Not knowing the recipe, I am going to guess.  How about making a butter and flour roux and then adding it a little spoon at a time, stirring constantly?


----------



## dit (Dec 24, 2008)

Anni, thanks for responding so quickly.   It's cream cheese, mayo, crab meat, mustard, sugar and sherry (the sherry made it thin).  If I add the roux, do I have to bring it to a boil to make it thicken?  I am afraid to bring it to a boil.   THANKS!


----------



## Uncle Bob (Dec 24, 2008)

More cream cheese..a little mayo.


----------



## SierraCook (Dec 24, 2008)

If you have any unflavored gelatin in the house, mix a tablespoon of the unflavored gelatin with 3 tablespoons of hot water.  Add that to the hot crab dip.


----------



## Poppinfresh (Dec 24, 2008)

The simple answer is more cream cheese, but that will throw off the flavor balance.

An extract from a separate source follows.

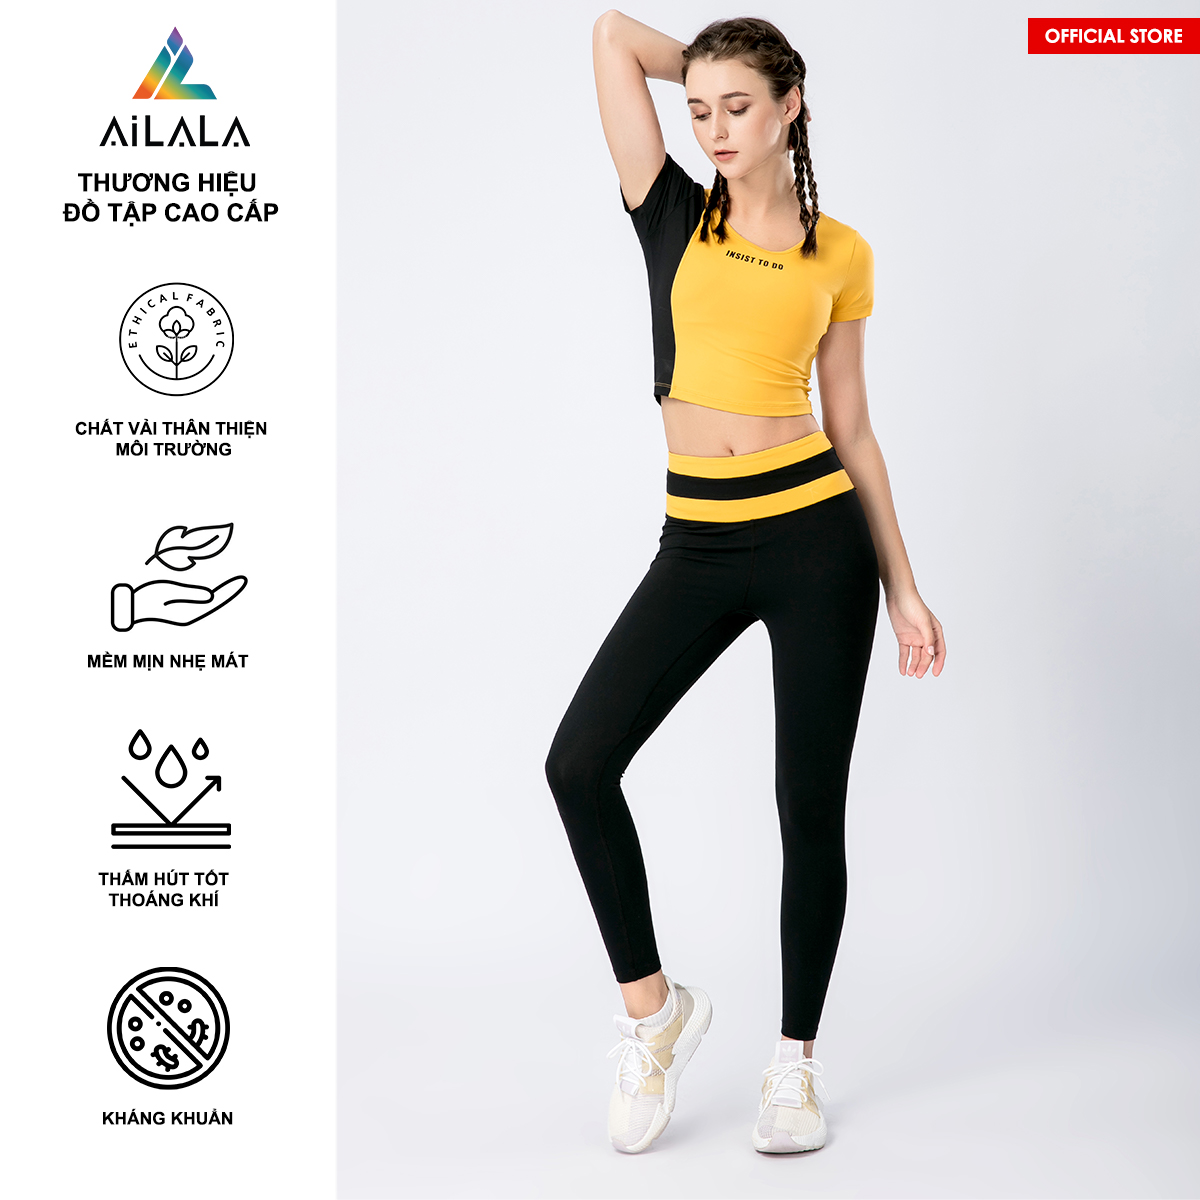 Bộ quần áo thể thao nữ AiLALA LUX45, Đồ tập Yoga Gym Pilates, chất vải Hi-tech cao cấp

This is going to sound weird, but you might want to try some arrowroot. 

Bread crumbs will also work well, as will gelatin


----------



## mcnerd (Dec 24, 2008)

I would have grabbed the Instant ClearJel® to thicken without cooking.  Its total clear and has no residual taste.


----------



## Maverick2272 (Dec 24, 2008)

I would be with UB and add in some more cream cheese and mayo. It might make those flavors strong, but then again it also sounds like there is to much sherry in it thus making it more liquidy than it should be so maybe it will actually help balance the flavor a little.


----------



## dit (Dec 25, 2008)

Thank you all!  Much appreciated....I added some more cream cheese and it's looking pretty good.  Most importantly though, it takes great!   Merry Christmas!


----------



## Maverick2272 (Dec 25, 2008)

Very cool! Merry Christmas!


----------



## black chef (Dec 28, 2008)

drink the rest of the sherry until the room starts spinning, and then, you won't care about the "liquidity" of the dip.


----------



## padams2359 (Dec 29, 2008)

Cream Cheese and Crab is not something you want to bring to a rolling boil.  I would have gotten it to a mild simmer.  Add 1 Tsp of Corn Starch to 2 Tsps of cold water, then add it to the mixture.  If you stir it too much, crab meat will break to pieces.


----------



## CookinNow (Dec 29, 2008)

Cornstarch and water is what I was thinking too. It won't affect the taste either. 

Jeff


----------



## Seven S (Jan 5, 2009)

black chef said:


> drink the rest of the sherry until the room starts spinning, and then, you won't care about the "liquidity" of the dip.



i totally agree!


----------



## zoey123 (Jan 11, 2009)

Bread crumbs are often used as a thickening agent to dips.


----------